Мы должны пройти немного до входа, и Роберт шепчет мне на ухо:
– Мне нравится, когда ты такая. Покорная, мягкая, послушная, податливая и ласковая. Когда позволяешь вытворять с тобой все, что мне вздумается – это дико заводит меня. Если бы я знал, что с тобой делают обкончанные трусики, я бы сделал это гораздо раньше…
– Роберт… – шепчу я и обхватываю его руку, умоляя, отчаявшись. Он так возбуждает этим голосом – голосом, которым он может заставить меня резонировать.
– Ты мокрая, Аллегра? – тихо спрашивает он, толкая дверь во внутренний двор.
– Да, Роберт.
– Очень хорошо. Я так и хочу, – улыбается он и пропускает меня вперед.
***
Десять минут спустя мы, поприветствовав всех присутствующих и найдя места в маленьком зале, где разместился представитель ЗАГСа, усаживаемся. Роберт берет мою руку и переплетает пальцы с моими. Я люблю его за этот нежный жест в этот момент, когда речь идет, надеюсь, о связи на всю жизнь. Я хотела бы поцеловать его, но мне не позволено это делать, поэтому я сдерживаю это желание. Речь регистратора не особенно оригинальна или воодушевляющая, и я разглядываю людей, сидящих в поле моего зрения. Мои мысли блуждают к нашему с Робертом совместному будущему, и мне интересно, думал ли Роберт когда-нибудь о женитьбе. Не на мне, ради всего святого, а вообще. Думаю, что для меня не обязательно быть замужем, даже без свидетельства о браке я принадлежу своему мужчине гораздо больше, чем среднестатистическая женщина в браке. Захочет ли Роберт когда-нибудь иметь детей? Мы никогда не говорили об этом. С одной стороны, он любит Лотти и так чудесно справляется с ней, с другой стороны, наш образ жизни не идеальный образец подражания для маленьких и больших детей. От детей невозможно ничего утаить, я знаю это по собственному опыту. Как бы осторожна ни была моя мама со своей интимной жизнью, я всегда это замечала. Я вздрагиваю, вспоминая ту ночь, когда застала маму с Петером, ее долговременным любовником. Петер был автомехаником и у него всегда были грязные руки. Я очень хорошо помню, как его испачканные машинным маслом пальцы впивались в бледную плоть моей матери. Они трахались на диване, и Петер был самым громким мужчиной, которого я когда-либо встречала. Ни моя мама, ни он не заметили меня, несколько секунд стоявшую в дверях гостиной, а потом с отвращением отвернувшуюся и ушедшую в свою комнату. Думаю, мне было лет девять, потому что когда мне было десять лет, Петера уже не было.

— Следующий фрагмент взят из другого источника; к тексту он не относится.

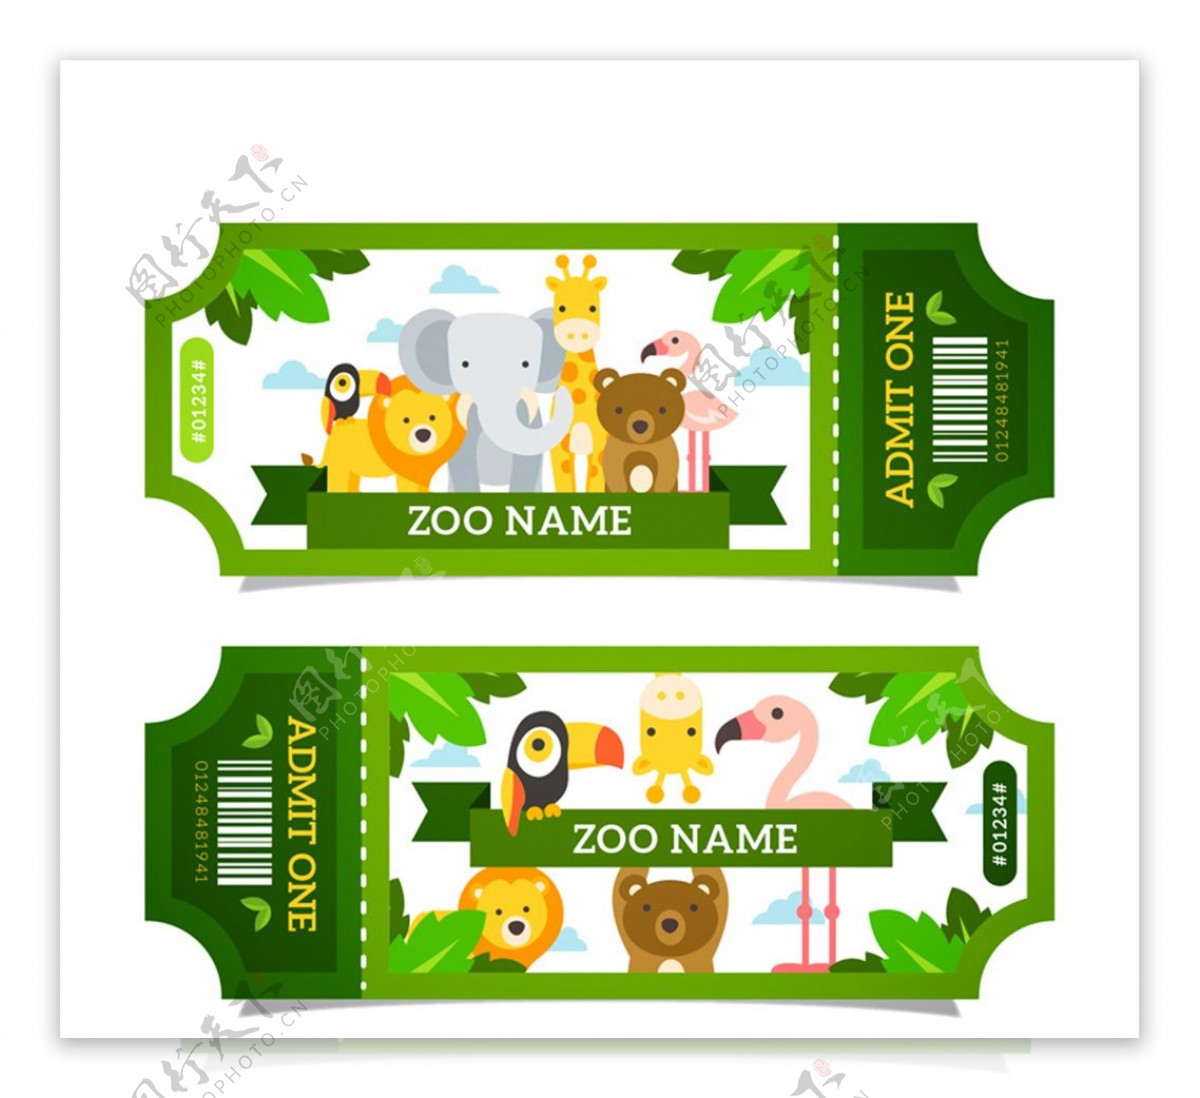 绿色动物园门票设计矢量素材
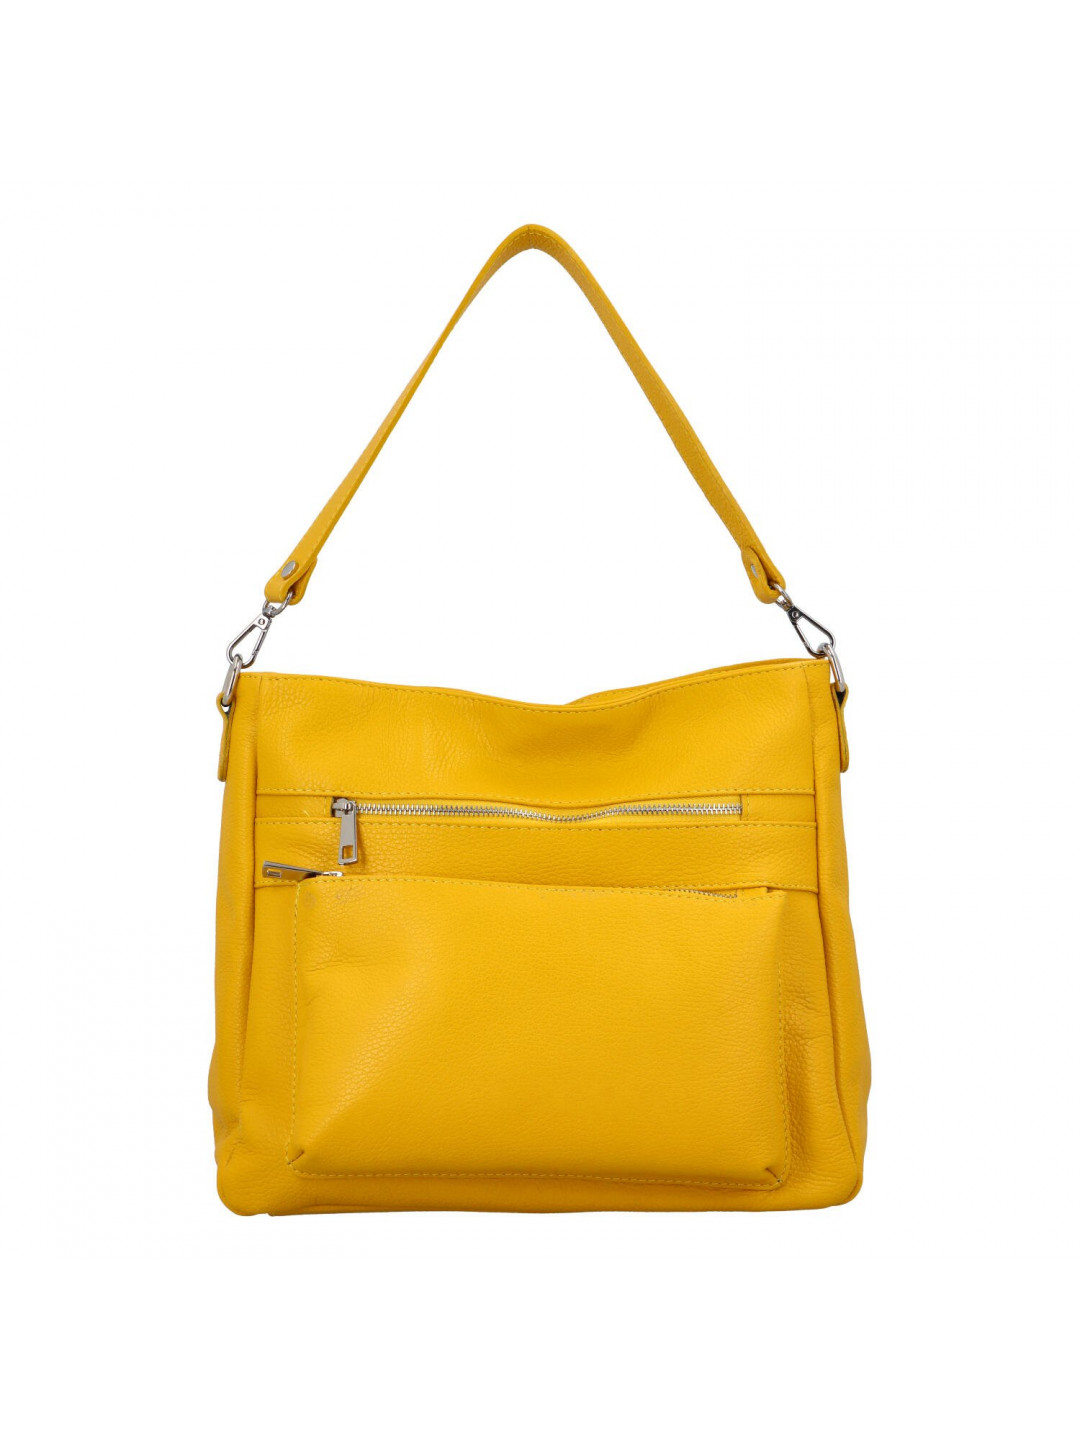 Dámská kožená kabelka přes rameno žlutá – Delami Jody

– Тебе холодно, красавица? – тихо спрашивает Роберт на ухо, и я понимаю, что меня передернуло не только внутренне, но и внешне.
– Нет, все в порядке, – отвечаю я так же тихо и улыбаюсь ему.
Церемония заканчивается, и сияющая пара наконец-то супруги. Перед дверью подают шампанское, Роберт снимает два бокала с подноса, который держит рыжеволосая официантка. Он протягивает мне один из бокалов, и мы присоединяемся к очереди поздравляющих. Пока мы ждем, я чувствую руку Роберта на моей заднице, властную, требовательную. Интересно, может ли он чувствовать сквозь ткань, насколько все еще тепла кожа от ударов.
– Ты чувствуешь это? – тихо спрашиваю я и смотрю на него.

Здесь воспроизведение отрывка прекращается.